More visual insights#
More on figures
This figure shows the architecture of the proposed two-way deconfounder model and its performance in numerical experiments. (a) illustrates the model’s components: embedding vectors for trajectory-specific and time-specific latent confounders, a neural tensor network to capture interactions, transition and actor networks. (b) presents the mean squared error (MSE) of different methods under various unmeasured confounding assumptions for both data fitting and off-policy evaluation. The two-way deconfounder demonstrates the best performance for off-policy evaluation.
This figure shows the architecture of the proposed neural network and the comparison of mean squared errors (MSE) under different unmeasured confounding assumptions.

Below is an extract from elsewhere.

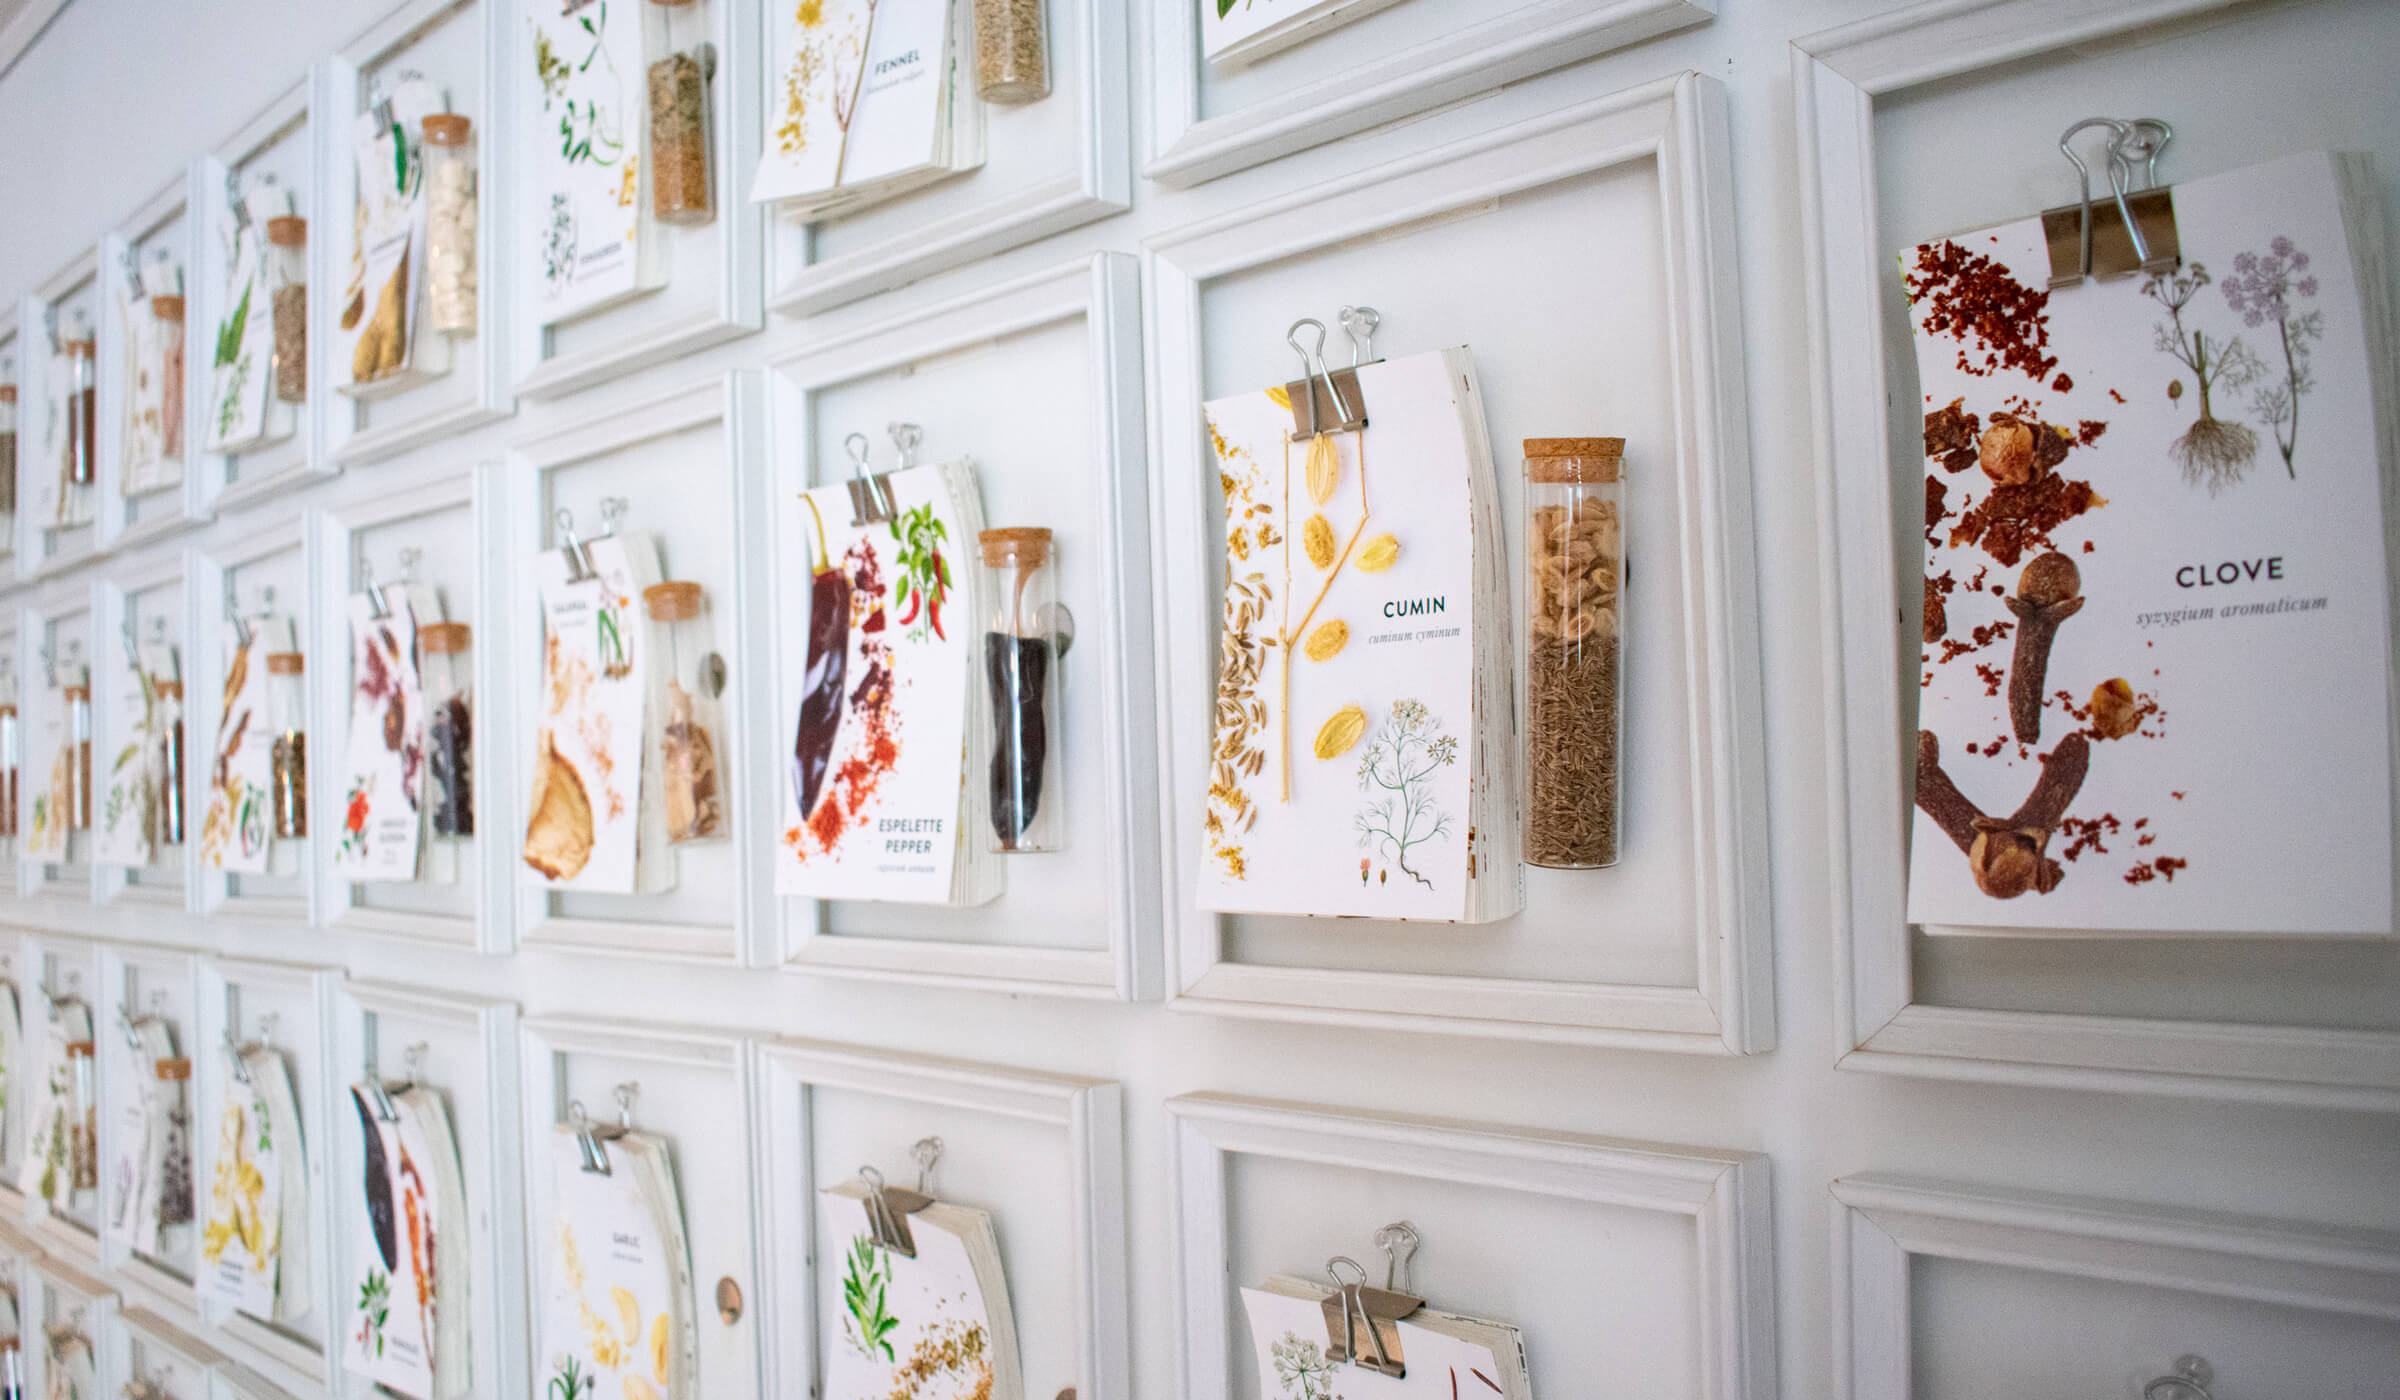 Wall of hand outs about spices at La Boite in New York City

The top panel compares MSE for fitting observed data, with the unconstrained model showing the lowest training error (overfitting). The bottom panel compares the MSE for off-policy value prediction, showing the two-way unmeasured confounding model achieves the lowest prediction error.
This figure compares the performance of different off-policy evaluation (OPE) estimators on two simulated datasets: a simple dynamic process and a tumor growth model. The logarithmic mean squared error (LMSE) and bias are shown for each estimator across different numbers of trajectories. The goal is to assess the accuracy and bias of these estimators in the presence of unmeasured confounding, under different assumptions on the nature of these confounders (one-way, two-way, or unconstrained). TWD is the proposed two-way deconfounder method.
Figure 4 presents the results of applying various off-policy evaluation (OPE) methods on a real-world dataset, MIMIC-III. Panel (a) shows box plots comparing the estimated policy values for four different target policies (tailored, low dose, randomized, high dose) across multiple OPE methods. Panel (b) presents the average root mean squared error (RMSE) and standard error for each method’s predictions of immediate rewards and next observations, providing a quantitative comparison of their accuracy. The results highlight the relative performance of the proposed two-way deconfounder (TWD) against established baselines in a real-world medical setting.
This figure presents the results of a comparative analysis between different off-policy evaluation (OPE) estimators applied to two simulated scenarios: a simulated dynamic process and a tumor growth model. The performance of various estimators, including the proposed Two-way Deconfounder, is evaluated using logarithmic mean squared error (LMSE) and bias. The results are displayed as line graphs to show the trend of each estimator’s performance across different confounding strengths. The figure is divided into two subfigures, one for each simulation scenario, each further divided into two panels illustrating LMSE and bias respectively for different target policies.